= WHAT IS NEEDED =
Give the number of lines below that contain "Large", with no other output.

= INFORMATION PROVIDED =
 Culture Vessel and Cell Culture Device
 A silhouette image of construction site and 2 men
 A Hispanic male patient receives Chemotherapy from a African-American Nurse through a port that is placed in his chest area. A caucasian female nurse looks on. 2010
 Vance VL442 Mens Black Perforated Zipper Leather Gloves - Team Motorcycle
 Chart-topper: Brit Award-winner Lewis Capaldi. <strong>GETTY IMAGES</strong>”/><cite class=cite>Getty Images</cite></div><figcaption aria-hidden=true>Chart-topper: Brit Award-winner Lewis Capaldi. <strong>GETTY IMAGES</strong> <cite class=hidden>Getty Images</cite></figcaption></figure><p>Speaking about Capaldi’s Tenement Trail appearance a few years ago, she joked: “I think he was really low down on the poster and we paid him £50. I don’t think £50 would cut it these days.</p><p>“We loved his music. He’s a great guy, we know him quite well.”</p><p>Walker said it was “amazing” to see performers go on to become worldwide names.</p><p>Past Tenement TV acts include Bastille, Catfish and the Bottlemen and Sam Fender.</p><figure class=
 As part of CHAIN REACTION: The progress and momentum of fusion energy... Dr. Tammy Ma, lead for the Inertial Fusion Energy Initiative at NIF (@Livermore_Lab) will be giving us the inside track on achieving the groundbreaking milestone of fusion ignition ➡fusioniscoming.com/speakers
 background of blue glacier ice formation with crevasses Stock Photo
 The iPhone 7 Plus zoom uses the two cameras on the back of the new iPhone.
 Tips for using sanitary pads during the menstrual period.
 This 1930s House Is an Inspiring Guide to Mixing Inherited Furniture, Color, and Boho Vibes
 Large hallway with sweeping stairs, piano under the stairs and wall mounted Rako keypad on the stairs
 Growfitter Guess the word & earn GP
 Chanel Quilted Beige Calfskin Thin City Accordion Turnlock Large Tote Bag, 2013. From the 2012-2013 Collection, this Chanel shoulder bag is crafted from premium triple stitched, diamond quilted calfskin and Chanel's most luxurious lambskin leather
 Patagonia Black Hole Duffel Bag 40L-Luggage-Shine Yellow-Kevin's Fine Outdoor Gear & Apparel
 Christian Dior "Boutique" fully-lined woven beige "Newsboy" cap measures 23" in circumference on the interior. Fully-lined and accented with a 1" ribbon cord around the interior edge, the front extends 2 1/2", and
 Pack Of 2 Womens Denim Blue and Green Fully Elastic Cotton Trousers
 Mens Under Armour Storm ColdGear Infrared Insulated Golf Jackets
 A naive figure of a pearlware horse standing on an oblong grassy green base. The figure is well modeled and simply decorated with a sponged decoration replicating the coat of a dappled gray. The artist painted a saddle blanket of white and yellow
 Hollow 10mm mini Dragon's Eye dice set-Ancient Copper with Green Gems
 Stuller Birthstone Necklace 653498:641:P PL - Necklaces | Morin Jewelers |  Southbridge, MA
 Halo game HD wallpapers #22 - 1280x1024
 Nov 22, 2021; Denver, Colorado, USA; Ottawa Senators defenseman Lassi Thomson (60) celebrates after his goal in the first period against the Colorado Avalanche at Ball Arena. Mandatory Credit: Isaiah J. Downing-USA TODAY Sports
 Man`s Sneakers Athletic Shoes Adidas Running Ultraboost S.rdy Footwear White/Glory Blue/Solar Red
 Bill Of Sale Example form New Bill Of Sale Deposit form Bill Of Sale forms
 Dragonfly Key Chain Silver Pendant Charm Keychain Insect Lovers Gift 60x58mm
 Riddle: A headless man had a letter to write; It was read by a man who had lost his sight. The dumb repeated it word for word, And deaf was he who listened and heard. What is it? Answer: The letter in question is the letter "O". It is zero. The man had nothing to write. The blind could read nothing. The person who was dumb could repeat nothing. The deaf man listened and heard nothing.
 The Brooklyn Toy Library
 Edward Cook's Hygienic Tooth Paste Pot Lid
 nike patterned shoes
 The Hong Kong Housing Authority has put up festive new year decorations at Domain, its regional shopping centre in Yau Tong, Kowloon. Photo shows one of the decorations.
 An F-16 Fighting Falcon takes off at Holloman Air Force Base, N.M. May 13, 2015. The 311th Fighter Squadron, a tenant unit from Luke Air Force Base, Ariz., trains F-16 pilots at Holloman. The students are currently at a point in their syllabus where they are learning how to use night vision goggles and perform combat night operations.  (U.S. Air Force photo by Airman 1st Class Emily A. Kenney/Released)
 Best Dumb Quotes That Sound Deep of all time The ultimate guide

= SOLUTION BELOW =
2